Heart cells are the same in that they contain these special voltage-gated membrane channels, these voltage-gated ion channels that allow for an action potential to form. They’re capable of doing an action potential because they have these voltage-gated sodium and potassium channels. Because of that, heart muscle cells fall into the same category as nervous–of neurons in that they’re in the general category called excitable cells. They’re excitable cells, means they’re capable of making an action potential. To have an action potential they need to have these specialized voltage-gated ion channels in their membranes. Cardiac myocytes have that, they also have actin and myosin. They’re muscle cells and they’re capable of contracting, meaning that this myocyte here can shorten itself. It can make itself shorter by contracting just like a muscle, a whole muscle contracts.

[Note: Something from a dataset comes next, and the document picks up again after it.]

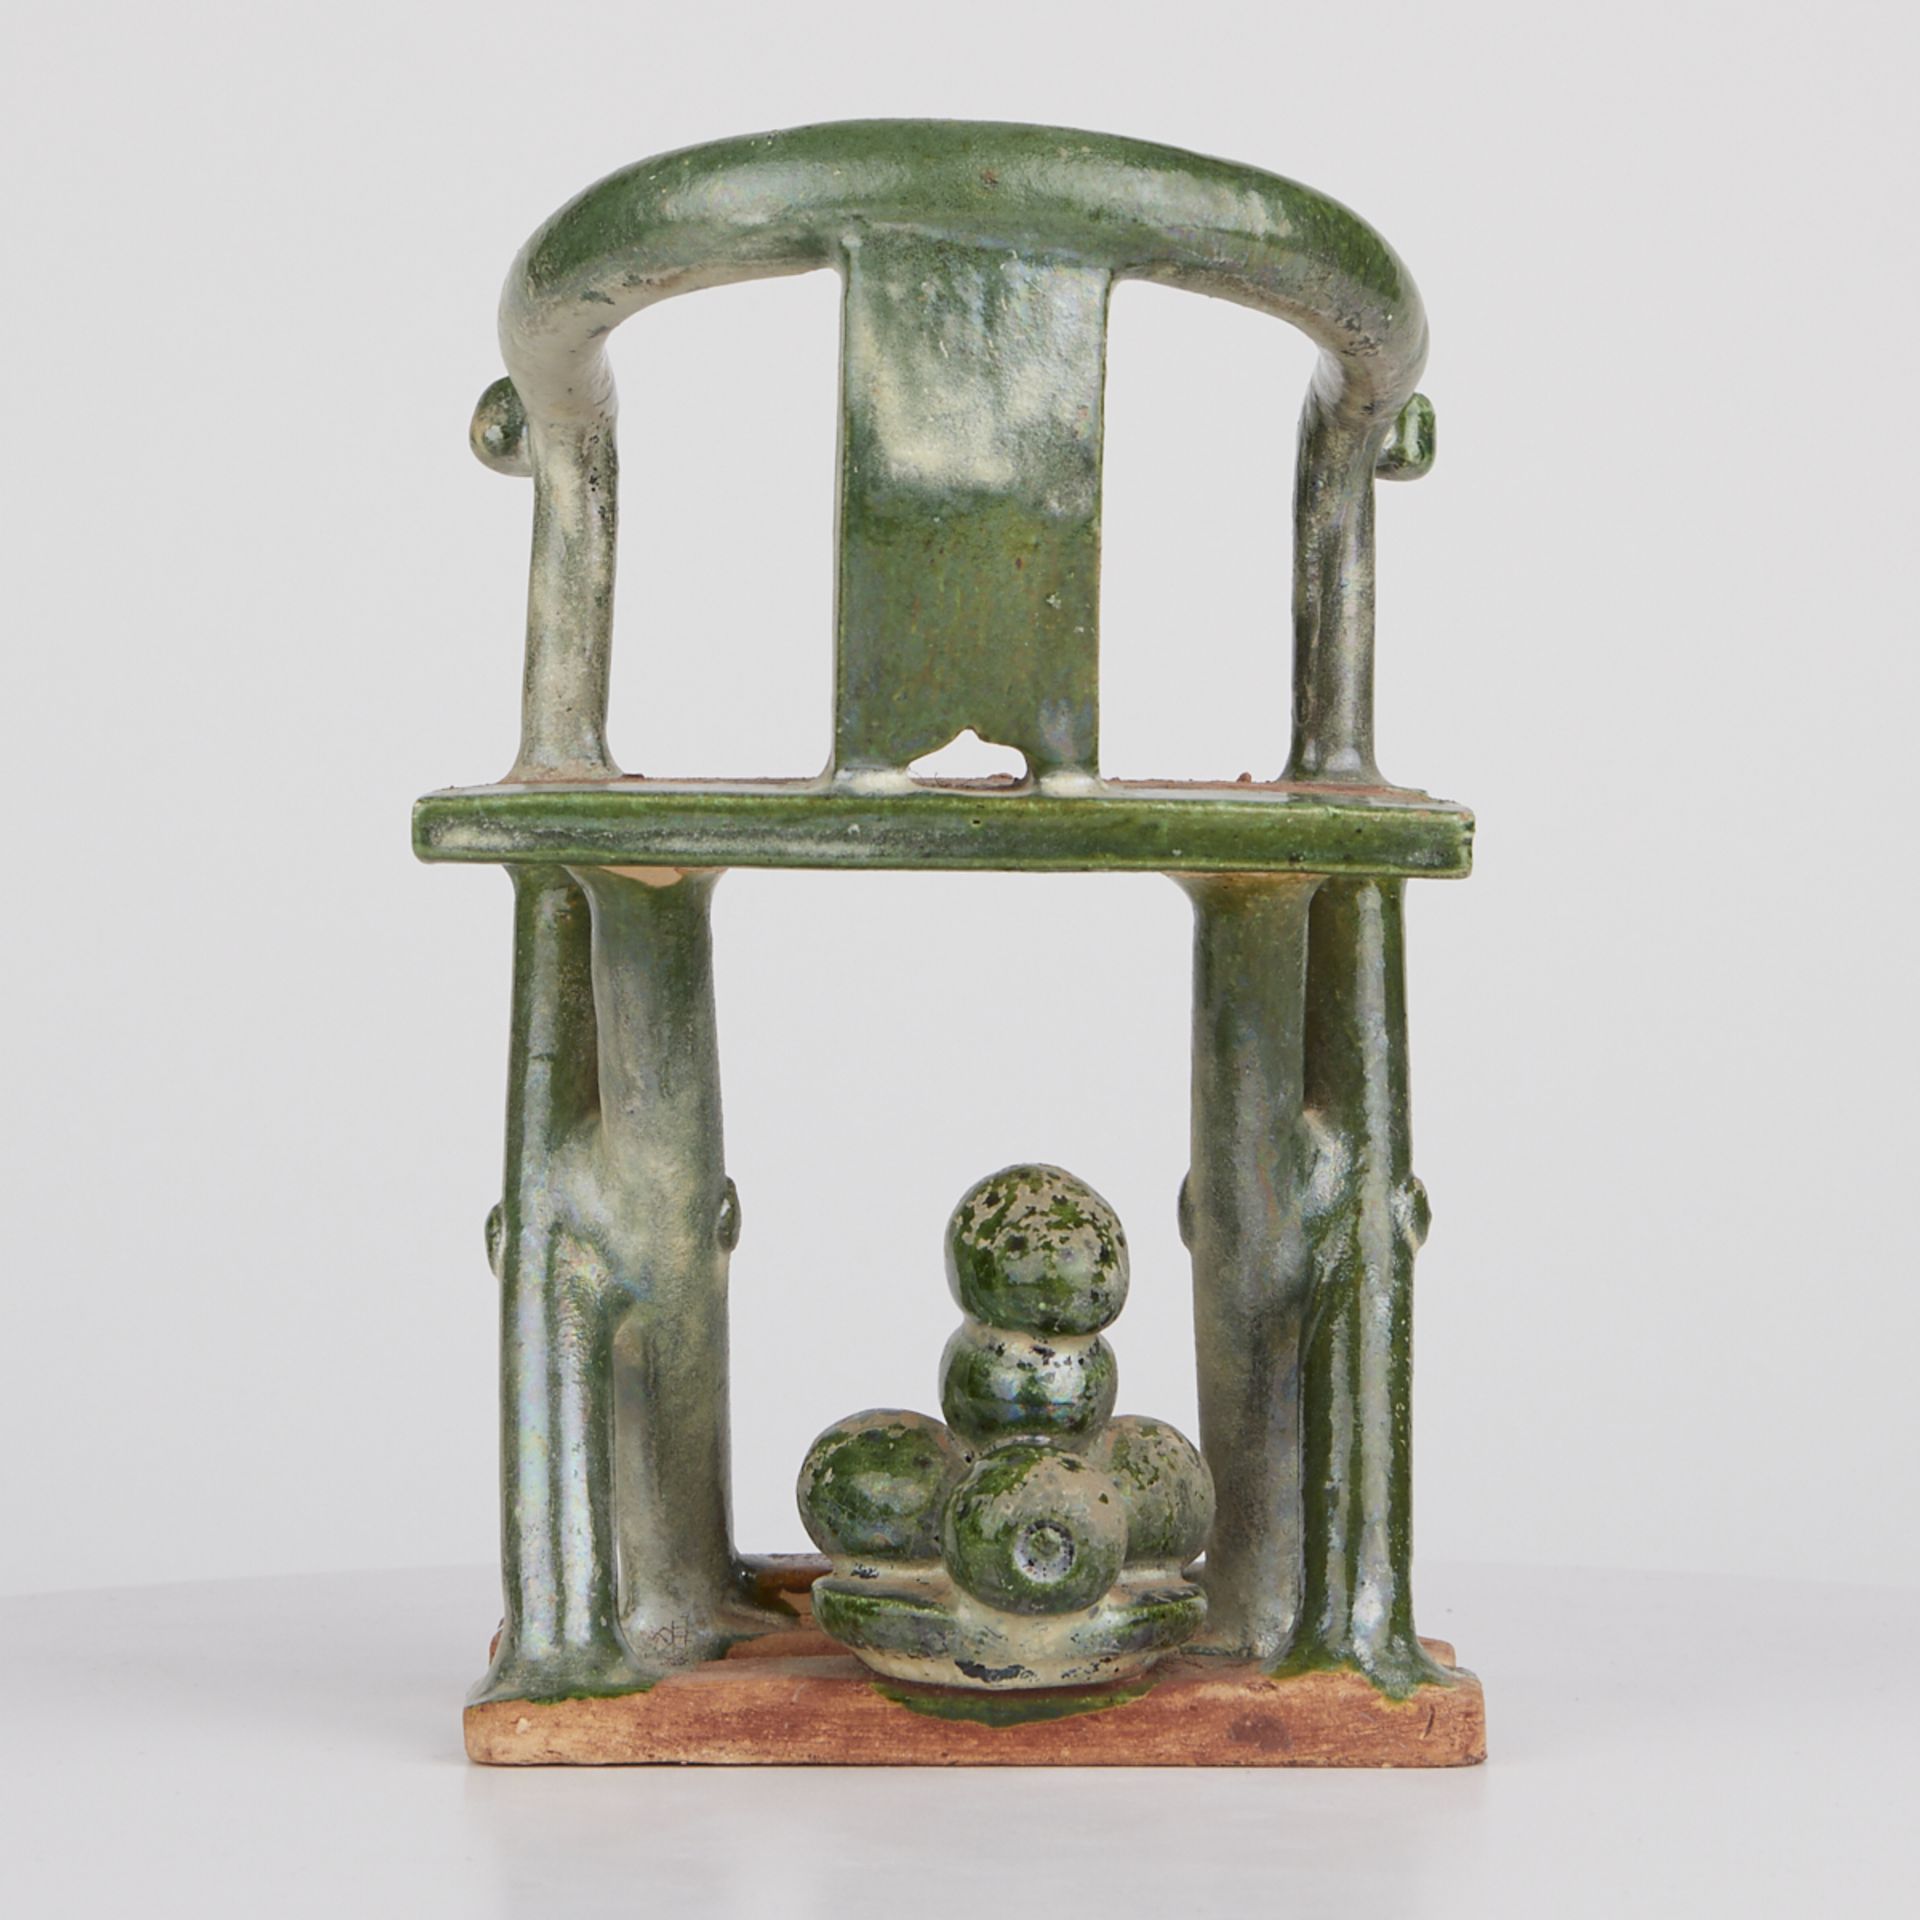 Ming Dynasty Terracotta Tomb Chair - Image 4 of 7
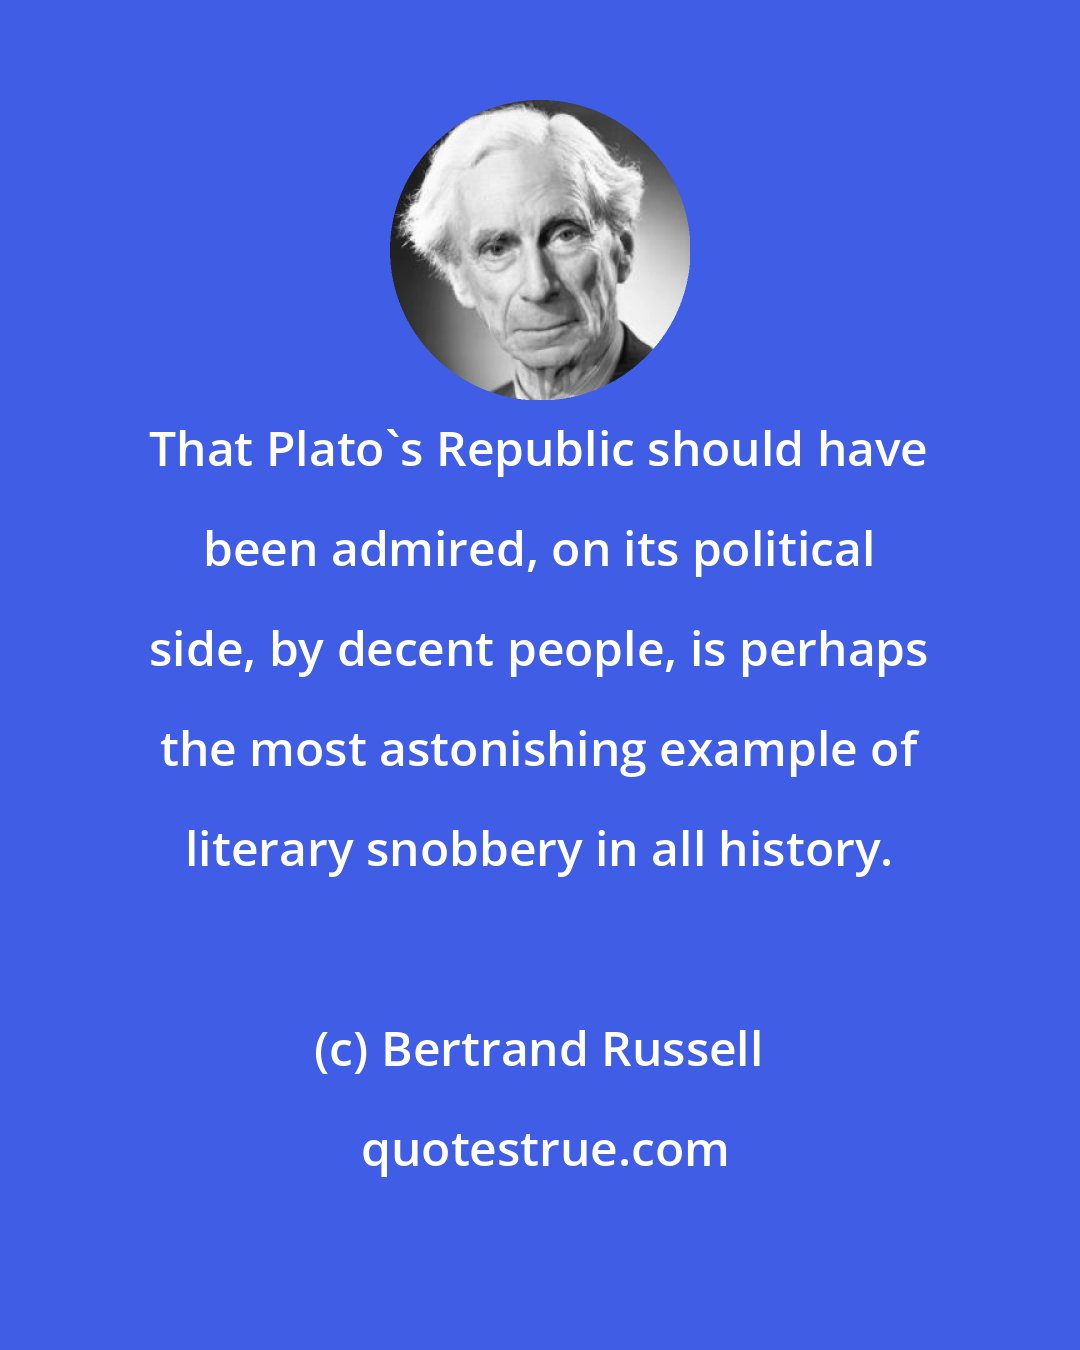 Bertrand Russell: That Plato's Republic should have been admired, on its political side, by decent people, is perhaps the most astonishing example of literary snobbery in all history.

That’s different than neurons so they have this capacity to transmit action potentials; they have this capacity to contract. Now, in muscle cells, as we’ll see in a few minutes, those things are linked. When a muscle cell experiences an action potential it doesn’t do what a nerve cells does, which is pass that information along to another cell via neurotransmitters, instead it contracts. It also passes along the action potential but it doesn’t do that through a chemical synapse like in neurons, it does it through an electrical synapse in that these cells are very tightly welded together. Remember we talked about in the nervous system, the two cells don’t physically touch, there’s a space in between that’s called the synapse and it’s over this synapse that neurotransmitters act. They’re released from the pre-synaptic cell and they create a change in the post-synaptic cell. Cardiac myocytes are basically welded together. In fact, there are special junctions called gap junctions in between them that allow the easy flow of current.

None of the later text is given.